BAKHMUT — Amid ruins in the eastern Ukrainian frontline town of Chasiv Yar, in front of the shattered window of a high-rise building, Ukrainian soldiers search for Russians on a Monday afternoon.

Bogdan Borodai, 25, part of the 24th Battalion "Aidar", operates a gamepad with buttons and stares at a screen. On it, he sees what their small drone is currently filming from the air.

"That right there," Borodai says, tapping the screen, "is a tank. Every few hours, we spot a bunch of Russian soldiers here."

He says their drone, which costs thousands of euros and is made by the Chinese manufacturer DJI, flies up to 15 kilometers, time and again including into the currently fiercely contested town of Bakhmut. Borodai and his team transmit what they film in real time to their higher-level command center, where they make decisions about firing.

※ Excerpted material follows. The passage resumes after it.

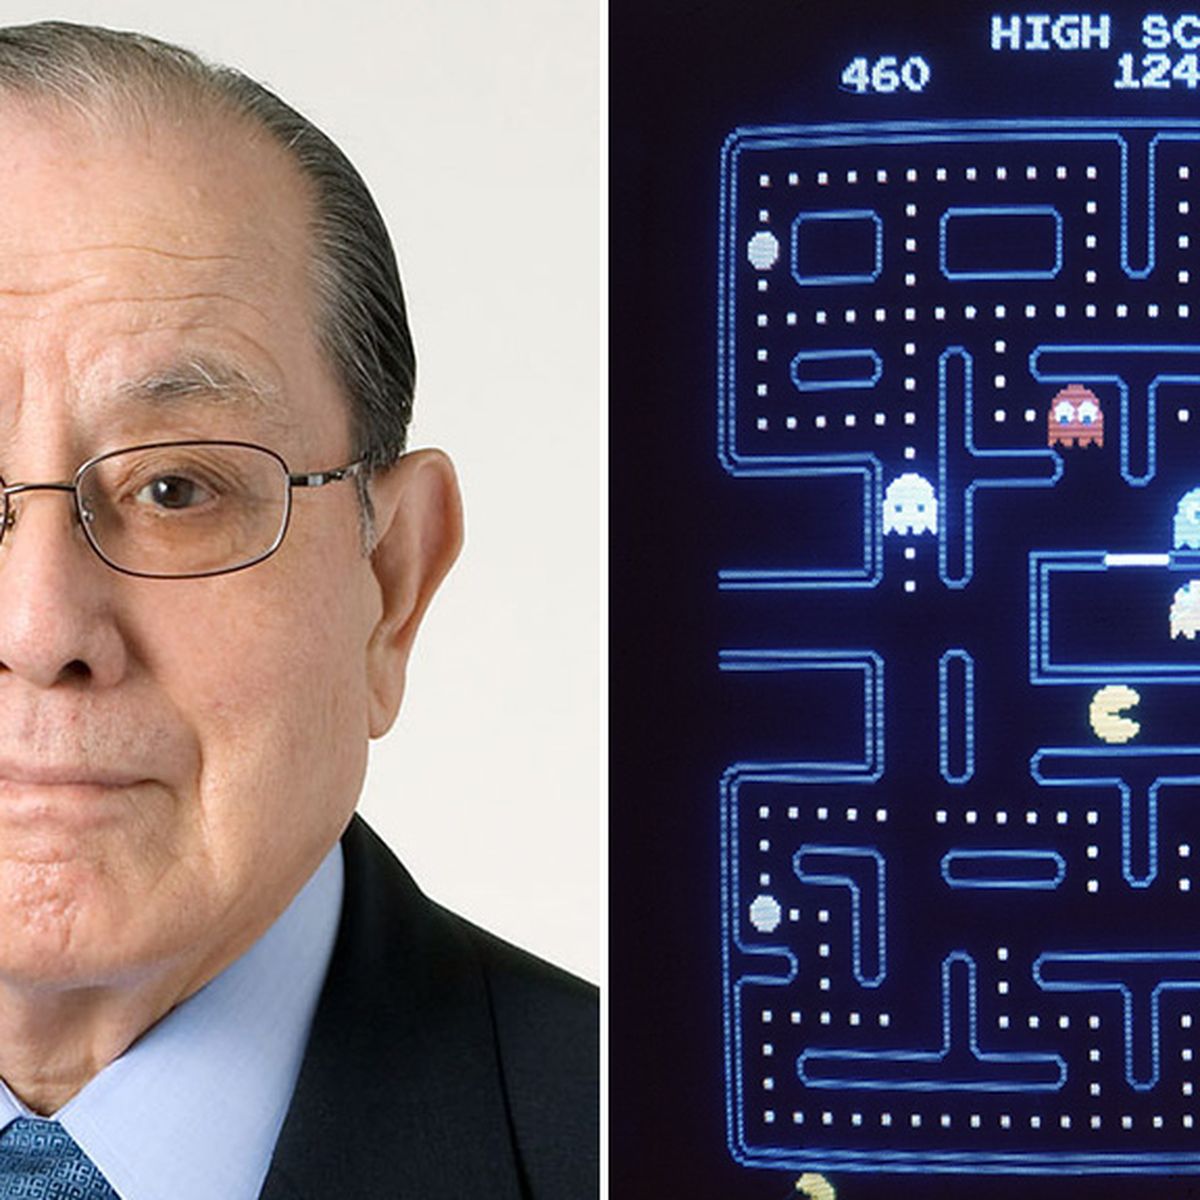 Masaya Nakamura, Whose Company Created Pac-Man, Dies at 91 - The New York  Times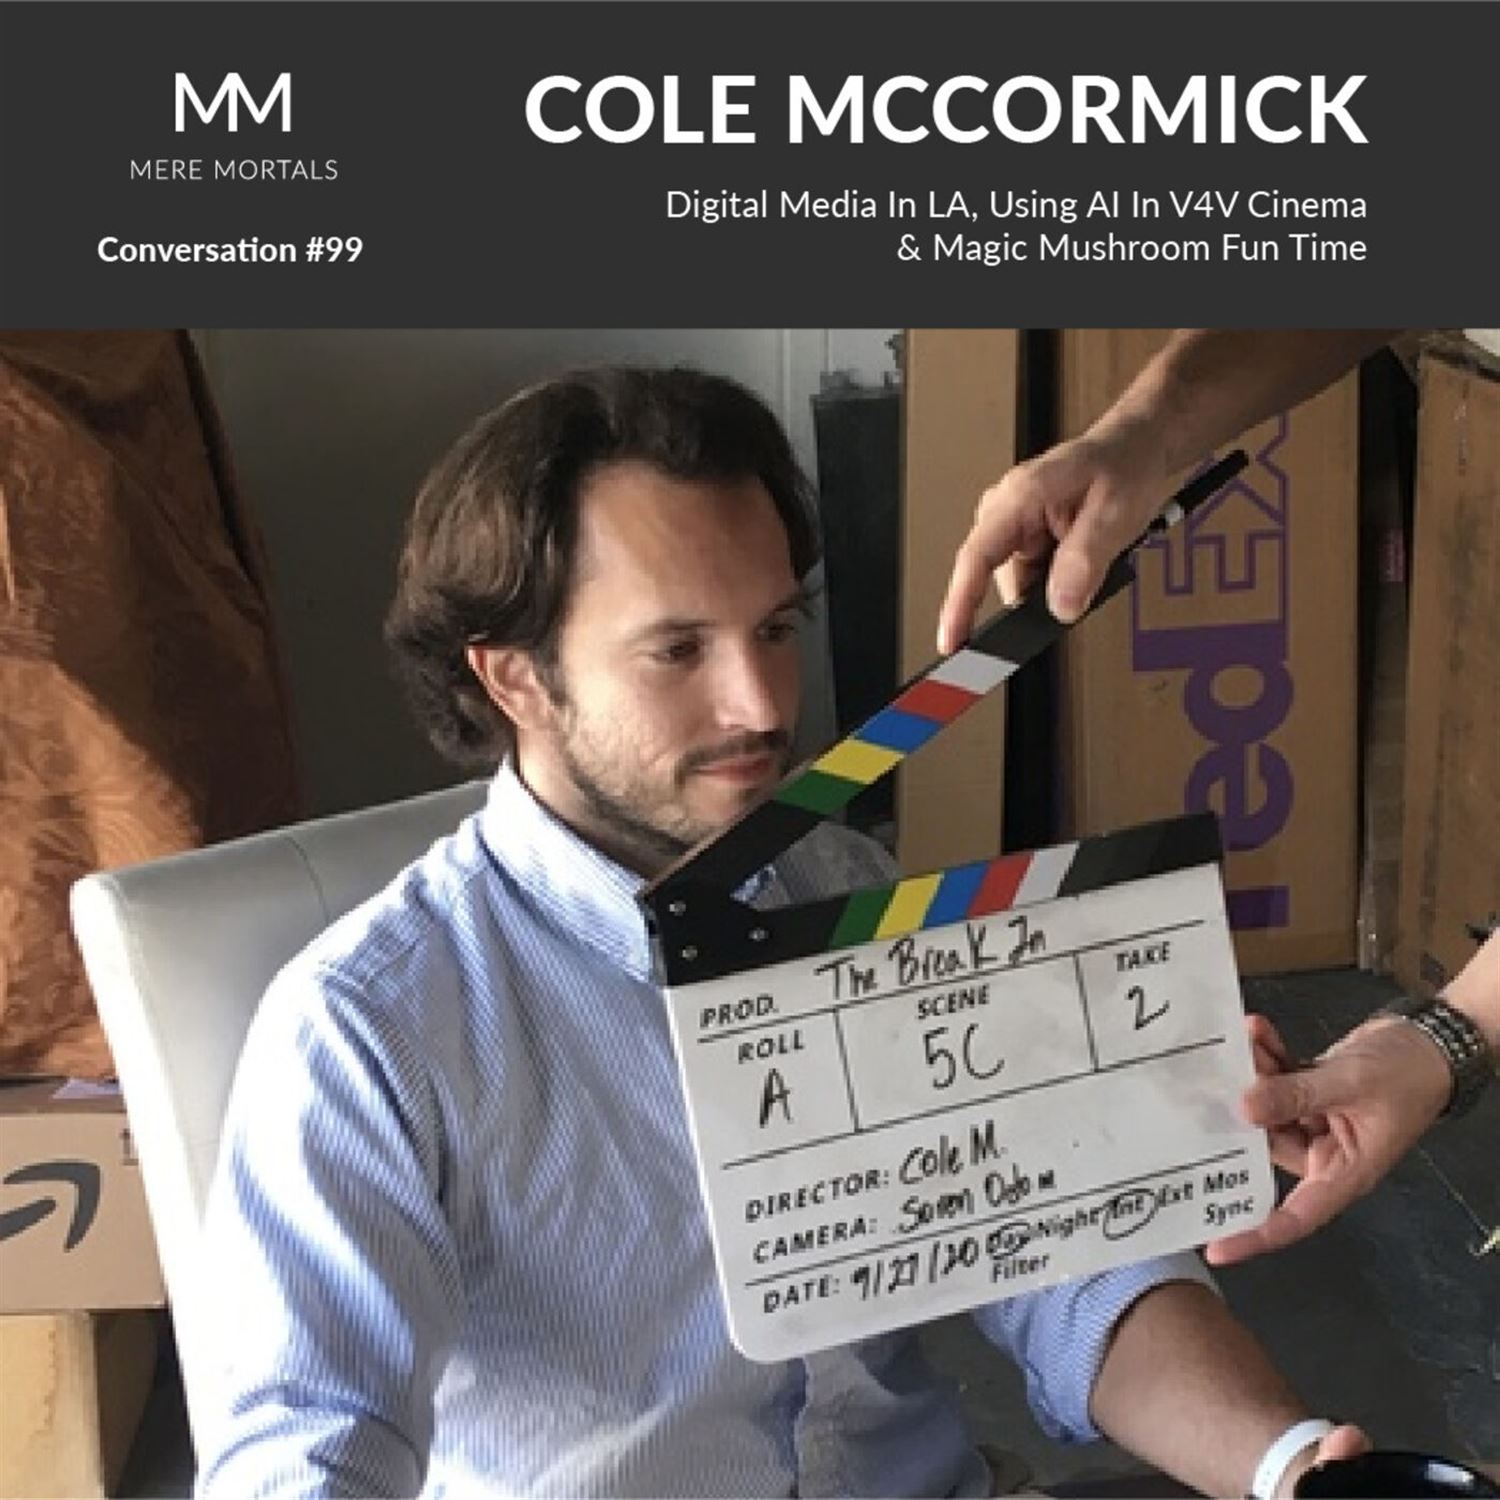 COLE MCCORMICK | Digital Media In LA, Using AI In V4V Cinema & Magic Mushroom Fun Time

In their drone reconnaissance, Borodai and his team rely on the support of a white portable device they have placed near them. It is a Starlink terminal from the U.S. company SpaceX, founded by Tesla CEO Elon Musk.

The Starlink terminals ensure Ukrainian soldiers a stable and fast internet connection everywhere, even in places like Chasiv Yar, where large parts of the infrastructure have been bombed by Russian troops.

"Starlink is one of the most important tools we have in this war," Borodai says. "If that stops now, it would a serious problem."

The soldier has real reasons for concern. In early February, SpaceX announced it would restrict the Ukrainian military's use of Starlink, limiting their possibility to control drones.